Re: CPU stall, eventual host hang with BTRFS + NFS under heavy load

Chuck Lever III <chuck.lever@xxxxxxxxxx> · Mon, 9 Aug 2021 17:37:19 +0000

> On Aug 9, 2021, at 1:15 PM, hedrick@xxxxxxxxxxx wrote:
> 
> There seems to be a soft lockup message on the console, but that’s all I can find.

Then when you say "server hangs" you mean that the entire NFS server
system deadlocks. It's not just unresponsive on one or more exports.

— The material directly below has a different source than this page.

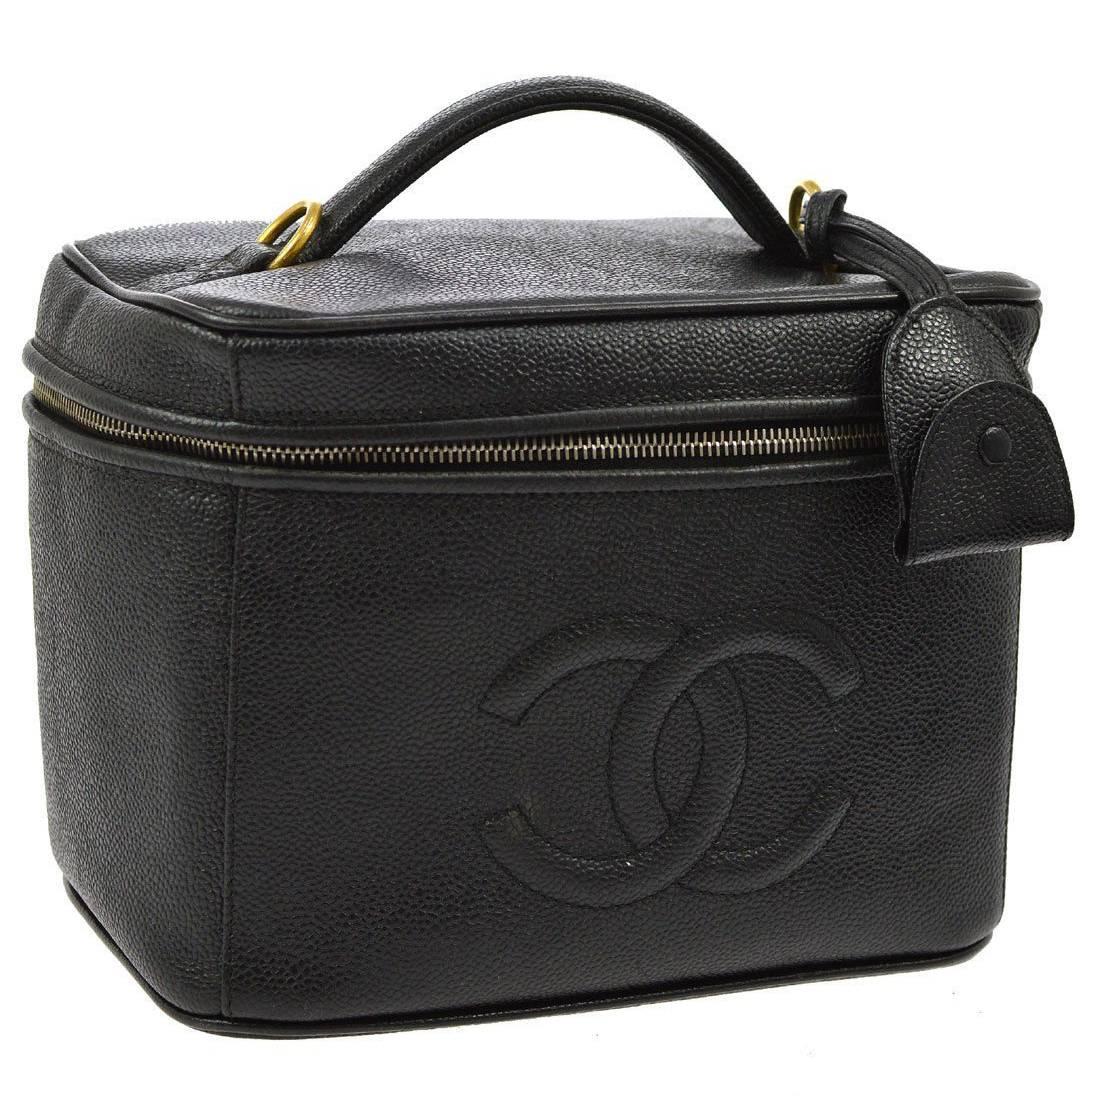 Chanel Black Caviar Top Handle Satchel Carryall Beauty Vanity Travel Case Bag

A soft lockup is typically caused by a segmentation fault in code
that is not running in process context.

> I’m currently considering whether it’s best to move to NFS 4.0, which seems not to cause the issue, or 4.2 with delegations disabled. This is the primary server for the department. If it fails, everything fails, VMs because read-only, user jobs fai, etc.
> 
> We ran for a year before this showed up, so I’m pretty sure going to 4.0 will fix it. But I have use cases for ACLs that will only work with 4.2. Since the problem seems to be in the callback mechanism, and as far as I can tell that’s only used for delegations, I assume turning off delegations will fix it.

In NFSv4.1 and later, the callback channel is also used for pNFS. It
can also be used for lock notification in all minor versions.

Disabling delegation can have a performance impact, but it depends on
the nature of your workloads and whether files are shared amongst
your client population.

> We’ve also had a history of issues with 4.2 problems on clients. That’s why we backed off to 4.0 initially. Clients were seeing hangs.

Let's stick with the server issue for the moment.

Enabling some tracepoints might give us more insight, though if the
server then crashes we would be hard pressed to examine the trace
records. If it's pretty common to get multiple receive_cb_reply
error messages in a short time space, you might enable a triggered
tracepoint in that function to start a 60-second tcpdump capture to
a file.

--
Chuck Lever